As for the right wing sounding board, I used to go into a store which had a cartoon on the wall. It said “Never argue with a fool, bystanders don’t know the difference.”

P.S. Don’t miss all the good stuff at the bottom of the last reference!

# # # # # # # # # #

NOTE: GOP Senator Lindsey Graham (R-SC) of South Carolina on Climate Change

{ 2 comments… read them below or add one }

Compass 10-15 October 16, 2015 at 10:09 pm

http://www.sierraclub.org/compass/2015/10/climate-denial-not-option-message-ted-cruz

Climate Denial Is Not an Option: A Message to Ted Cruz

This week, Senator Ted Cruz held a hearing to attack the clean air and clean water safeguards that protect millions of families all across America. Sierra Club President Aaron Mair was there to talk about how communities of color, which are disproportionately affected by pollution and climate disruption, rely on these safeguards to protect them.

A friend to big polluters, Cruz unsurprisingly tried to cover all their talking points. His game? To attack the climate science that shows how carbon pollution from burning fossil fuels is causing climate disruption in the first place while assailing the Clean Power Plan, which would allow us to act on climate disruption and protect people’s health.

Well, Sierra Club President Aaron Mair has a few things to share with Senator Cruz. Check out his response below.

Senator Cruz,

There’s an old lawyerly adage that “if you don’t have the law on your side, argue the facts. If you don’t have the facts on your side, pound the table.” You did a very good job pounding the table this week.

This week, you held a hearing on the clean air and clean water safeguards that protect millions of American families. I testified because I wanted to talk about how these safeguards are especially critical for people of color and low-income communities, who are disproportionately affected by pollution and climate disruption .

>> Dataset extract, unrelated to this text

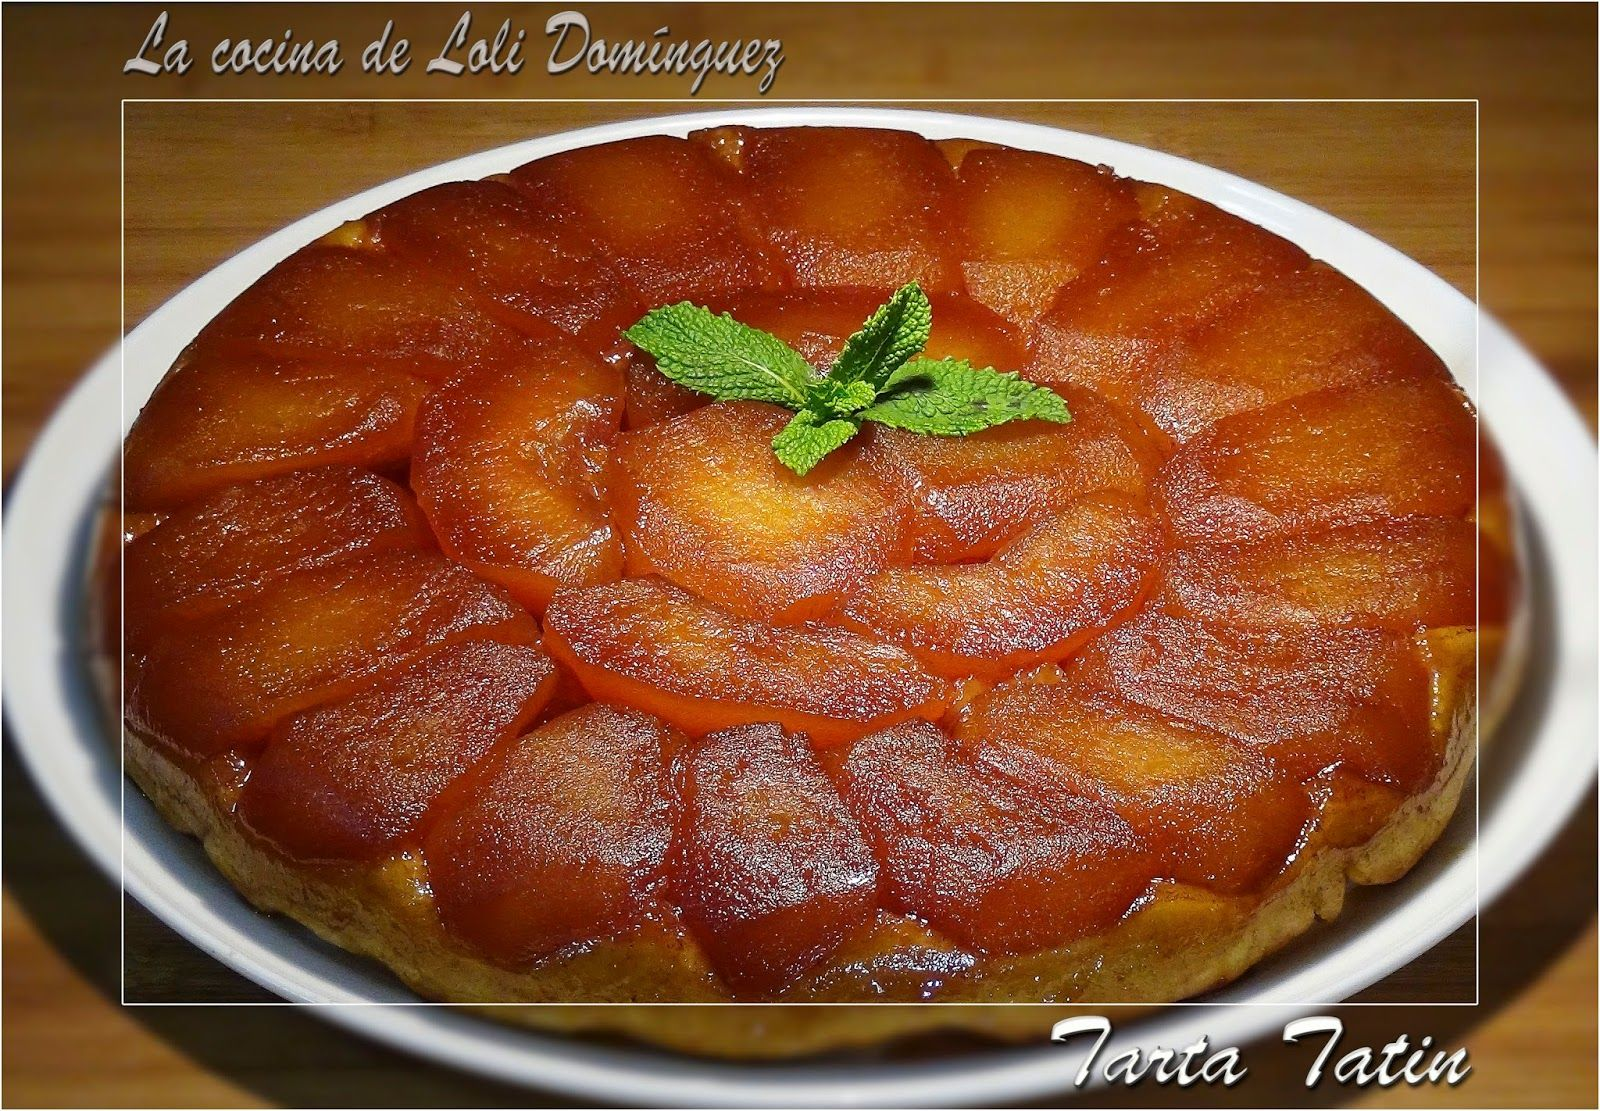 Tarta tatin recetas cocina recetas faciles for Postres cocina francesa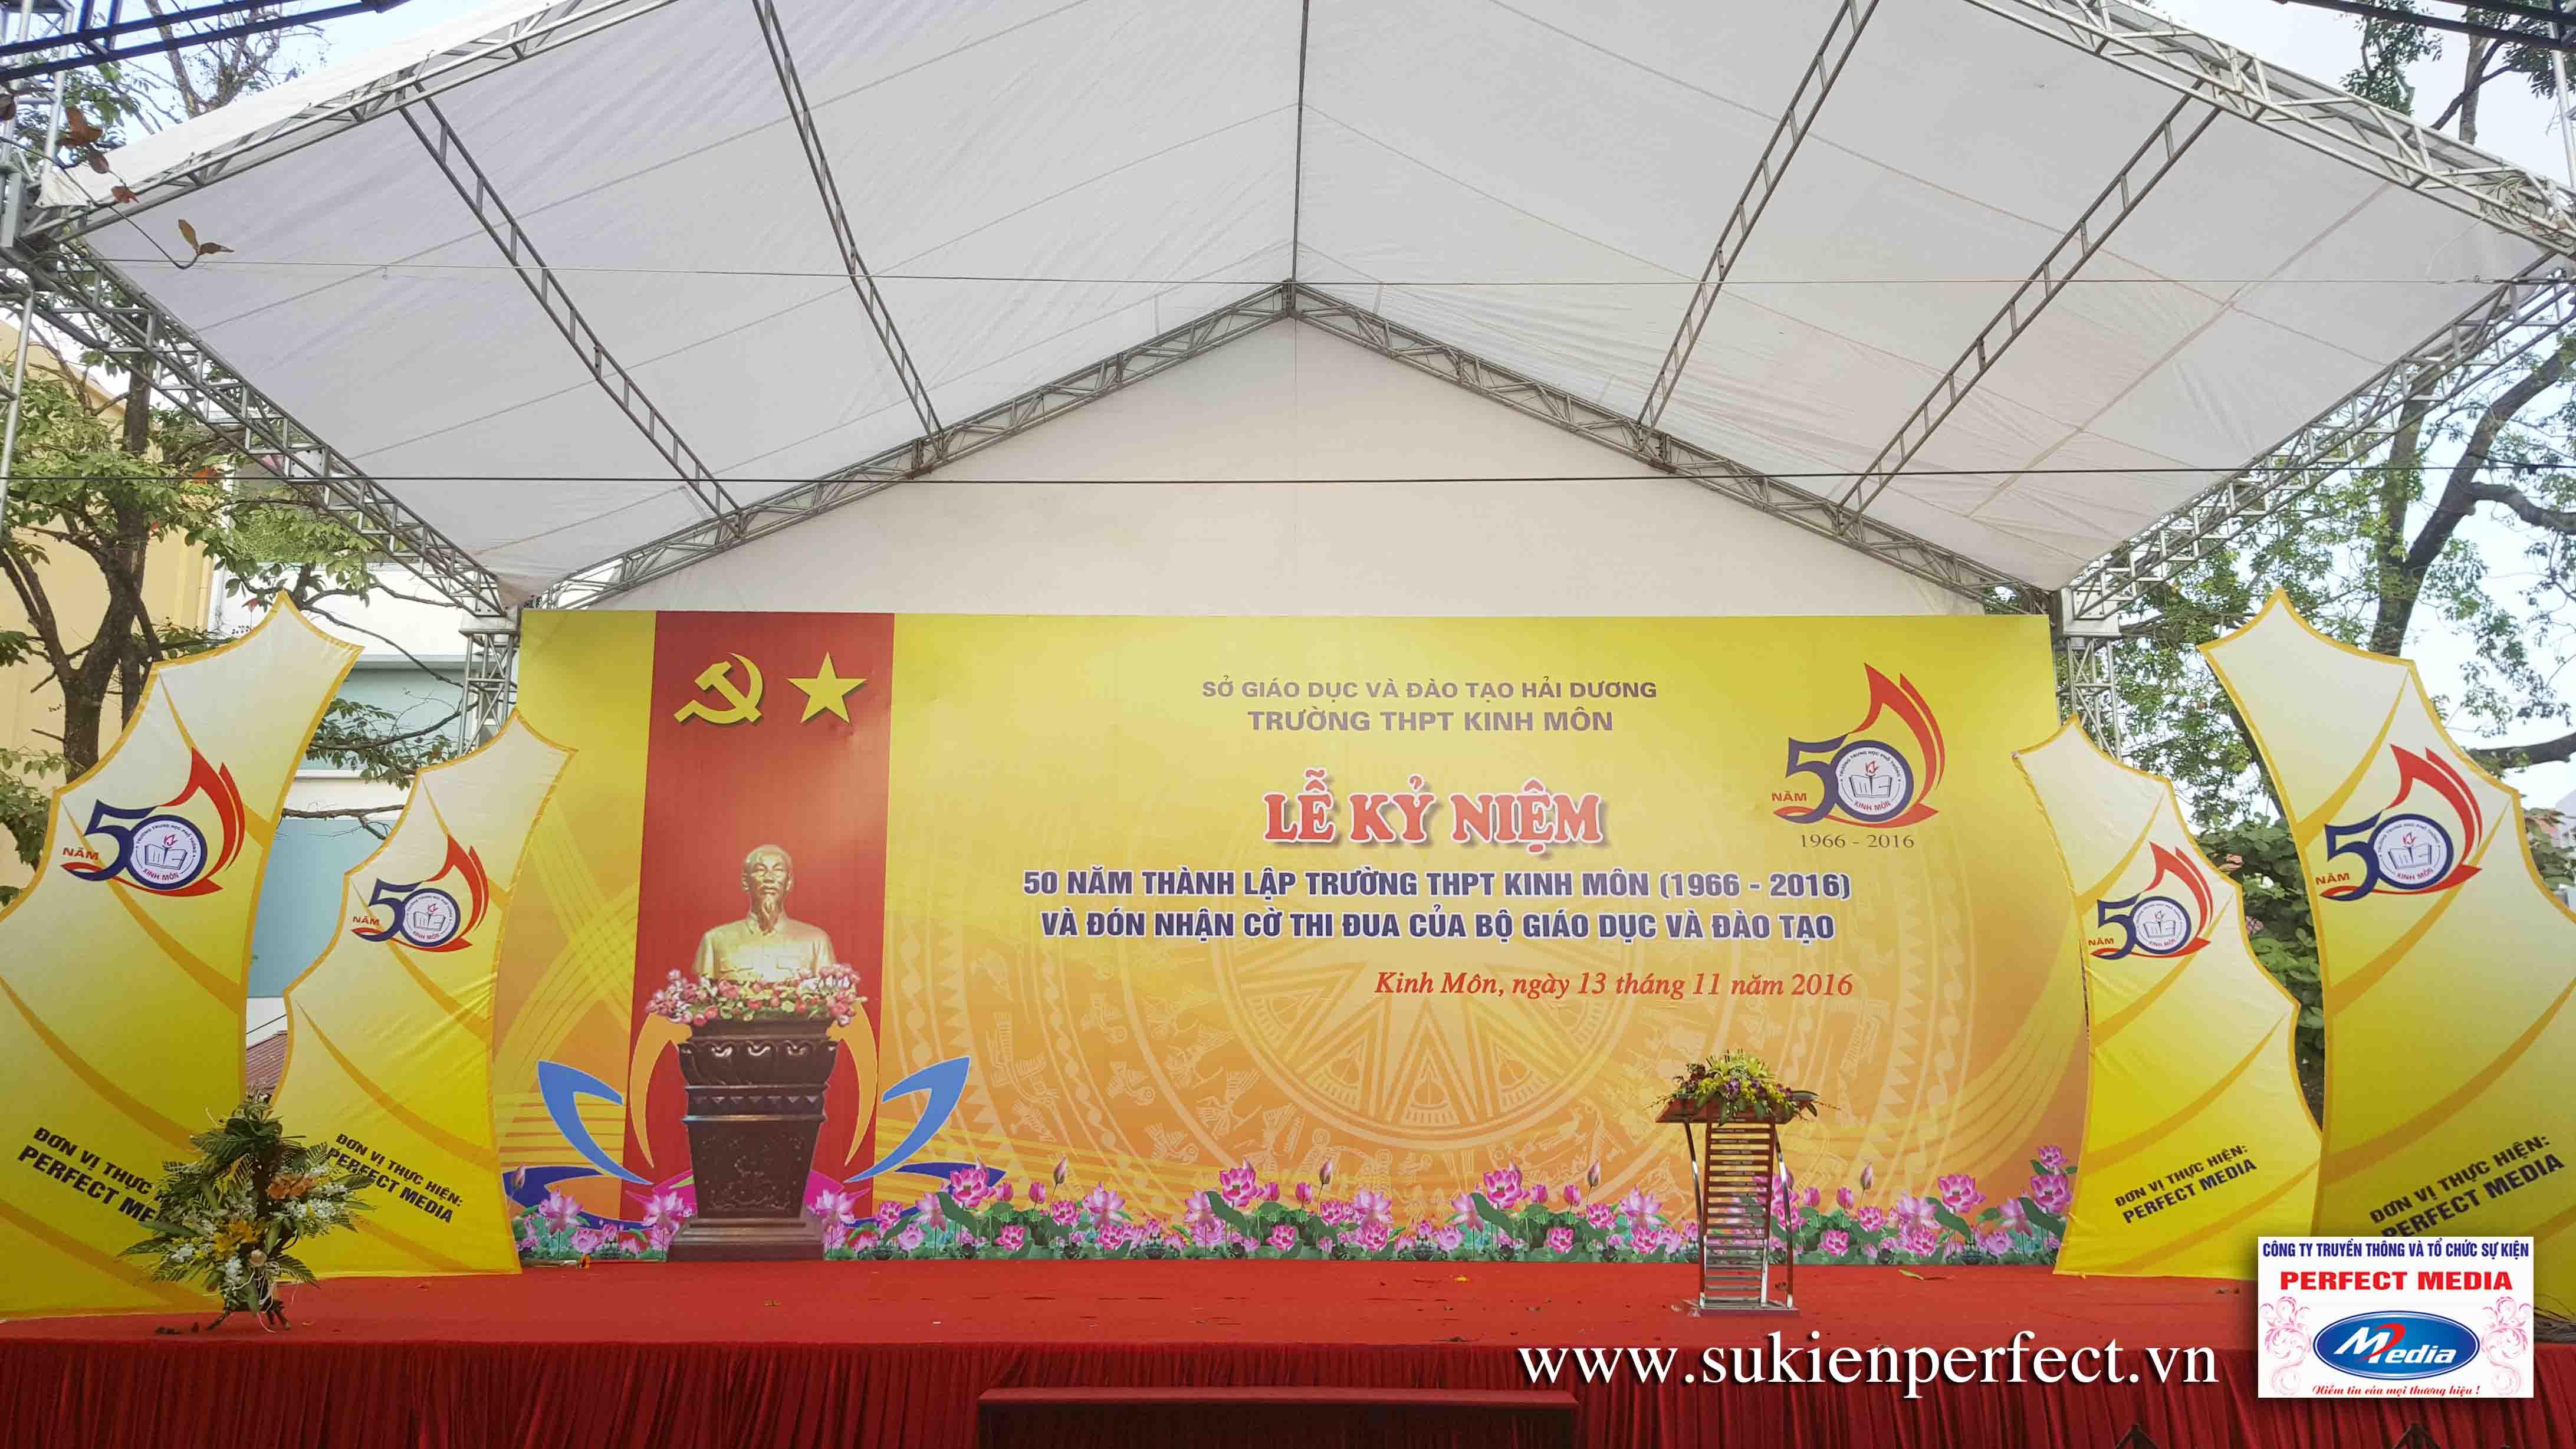 Backdrop và khu vực sân khấu Lễ kỷ niệm 50 năm thành lập trường THPT Kinh Môn

But, as a friend to big polluters, you derailed the whole hearing with misinformation, claiming there was a “pause” in rising global temperatures — misinformation already debunked by scientists and the non-partisan Politifact.com. You wanted to talk numbers, so here you go:

0: The number of accurate data points you shared when attempting to claim that the climate wasn’t changing. According to the National Oceanic and Atmospheric Administration, average global temperatures have been steadily rising for the last three decades.

97%: The percentage of scientists who agree that the climate is changing and that human activity is the cause.

2015: expected to be the hottest ever recorded.

60 and 30: 60% of African Americans and Latinos reside in communities with a toxic waste site and within 30 miles of a power plant

7: 7 out of 10 African Americans live in areas with air that is unsafe to breathe.

48217: that’s the zip code of the neighborhood in Detroit I just visited – one of the dirtiest zip codes in the nation. There, massive mounds of petroleum coke waste and coal incinerators are within blocks of schools – further evidence that the lack of protections has turned Detroit from the epicenter of opportunity into the epicenter of the Asthma epidemic. Schools and smokestacks do not mix.

90,000: The Clean Power Plan can help us prevent 90,000 asthma attacks in children,  save consumers $155 billion on energy in the next decade and create 360,000 new jobs . Energy savings, more jobs, healthy families, and safer communities? I think 100% of the American people would go for that.

Sincerely, Aaron Mair, Chairman of Sierra Club Board of Directors

Reply

Alan Forbes July 14, 2017 at 10:47 am

I know this posting is old, but I feel I have to respond given
the importance of this debate. I am concerned about climate change, and this is a clear explanation for why people deny climate change. I’m sorry, but Aaron Mair was thoroughly trounced by Ted Cruz. He was clearly unprepared for the debate, and could not provide an adequate response to Cruz’s questions. The Sierra Club should have sent in someone who knew what they were talking about. This is embarrassing for us.